Quantification of the N-13 NH3 scans was based on an irreversible two-compartment model [18]. Corrections for fractional blood volume, partial volume effects and spillover activity from left-ventricular blood pool to tissue were calculated as described elsewhere [19]. A validation of the model in humans had been performed by the argon inert gas technique beforehand [20]. The quantification procedure delivered 20-segment parametric polar maps of MBF. Segments with a fractional blood volume >0.5 were excluded from further analysis. Such large values are only explainable by spillover from the ventricle and mostly referred to the basal segments of the septum. Furthermore, segments with a resting MBF < 50 mL/min/100 g were regarded as scarred and also excluded from the analysis. Global perfusion was calculated as the average of all myocardial segments [21].

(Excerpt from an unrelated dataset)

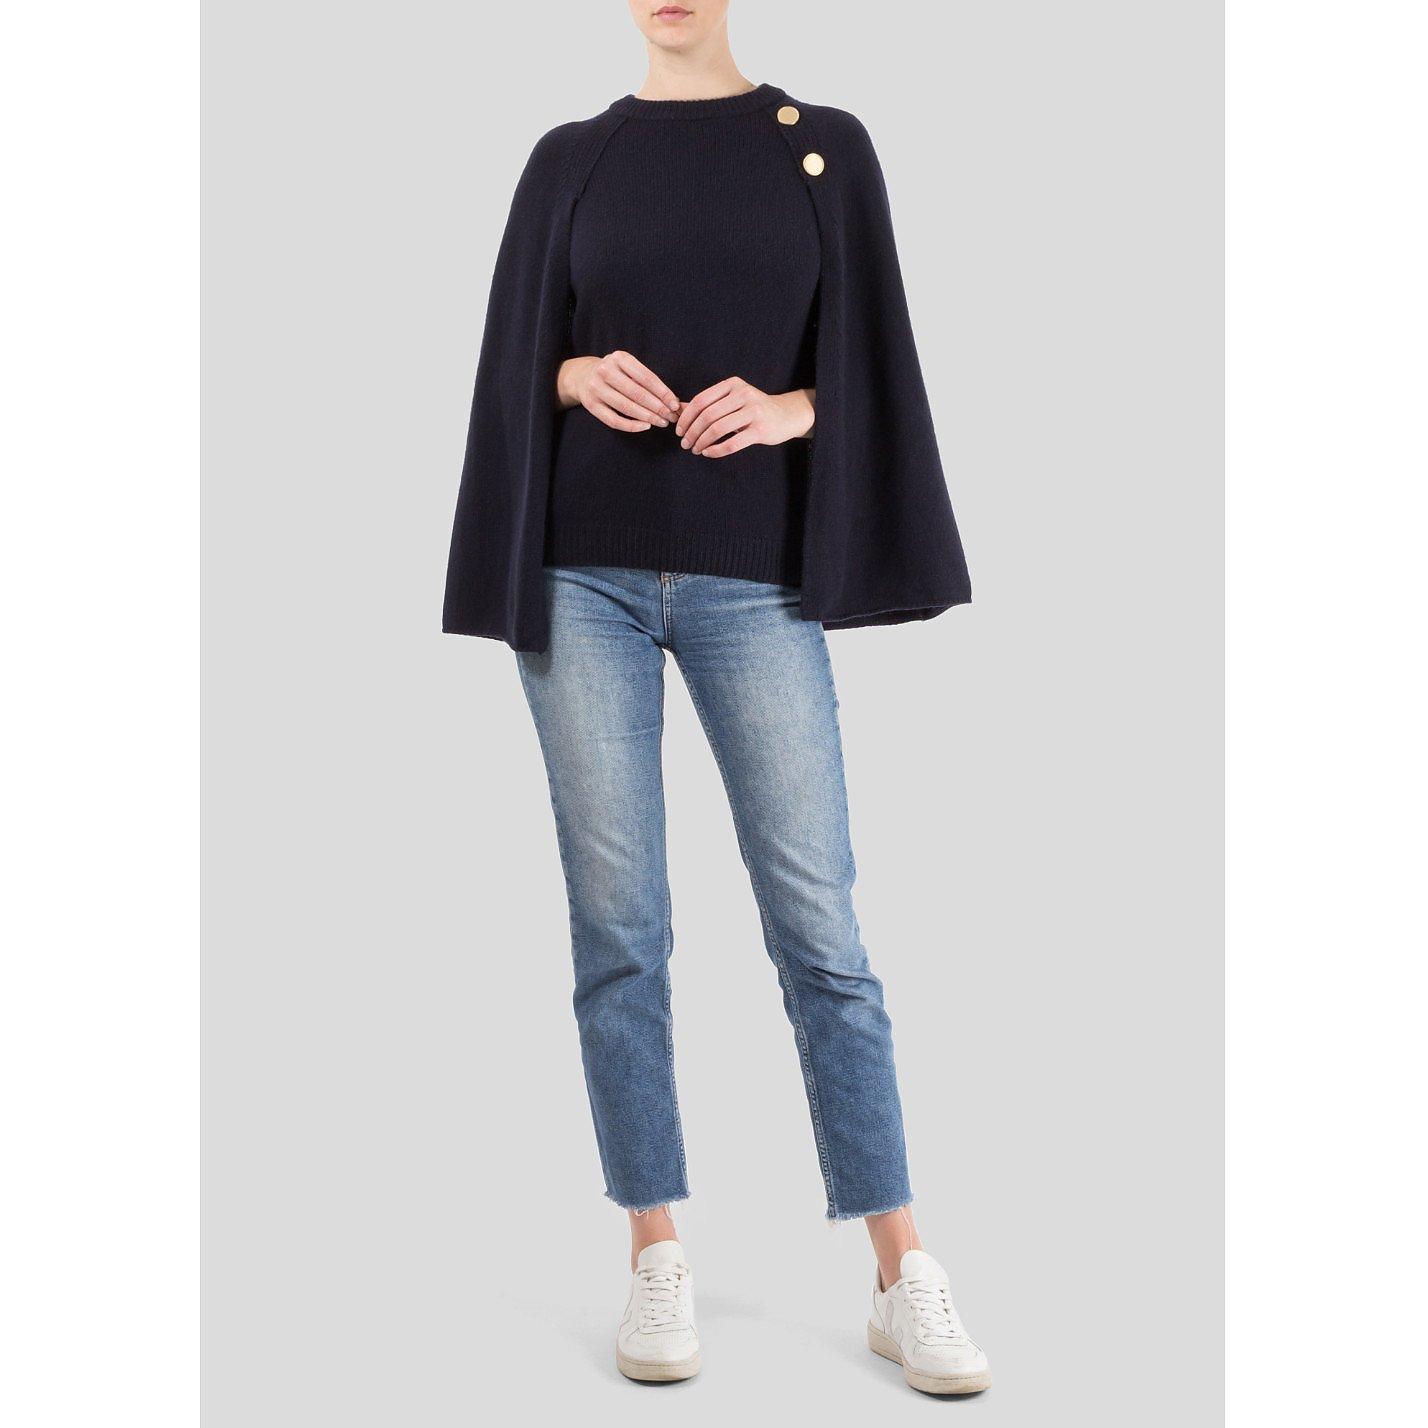 Vanessa Bruno Poncho Style Sweater

The CSWT target zone was assigned to the anteroseptal wall in 8 cases, to the inferolateral wall in 6, to the inferior wall in 6, and to the apex in 1 case. The reference wall was defined as the remote wall opposite to the CSWT target zone. In the case of the apical CSWT target, the anterior wall served as the reference. For quantitative analysis, perfusion values of the segments of the parametric polarmaps representing either the target or the remote wall were averaged.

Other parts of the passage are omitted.